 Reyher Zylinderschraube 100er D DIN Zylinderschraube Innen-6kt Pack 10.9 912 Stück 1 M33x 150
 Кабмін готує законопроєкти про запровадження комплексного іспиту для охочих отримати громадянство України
---
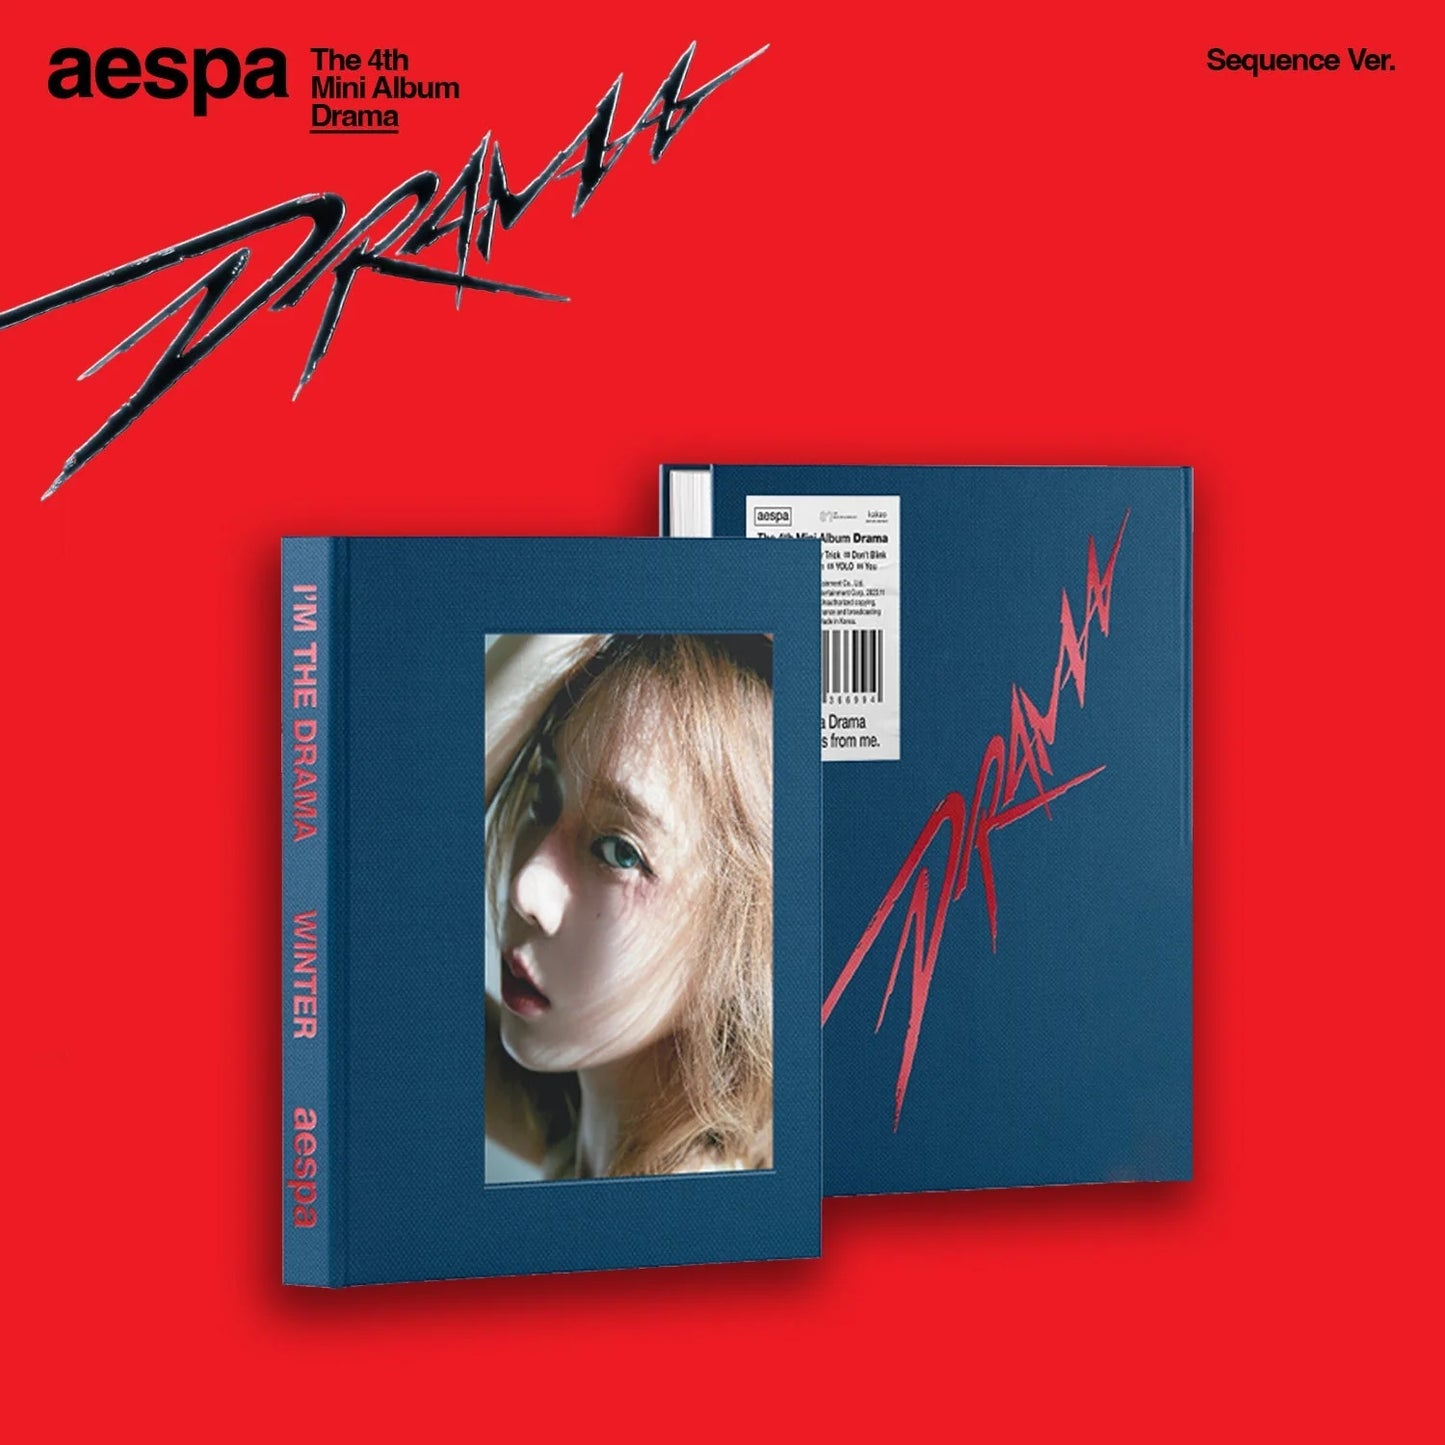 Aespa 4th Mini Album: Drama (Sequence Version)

◆ What is expected: Return, with no change at all, every line in the entries above from the line containing "Reyher Zylinderschraube 100er" through the line containing "Кабмін готує законопроєкти".

◆ Solution to this problem:
 Reyher Zylinderschraube 100er D DIN Zylinderschraube Innen-6kt Pack 10.9 912 Stück 1 M33x 150
 Кабмін готує законопроєкти про запровадження комплексного іспиту для охочих отримати громадянство України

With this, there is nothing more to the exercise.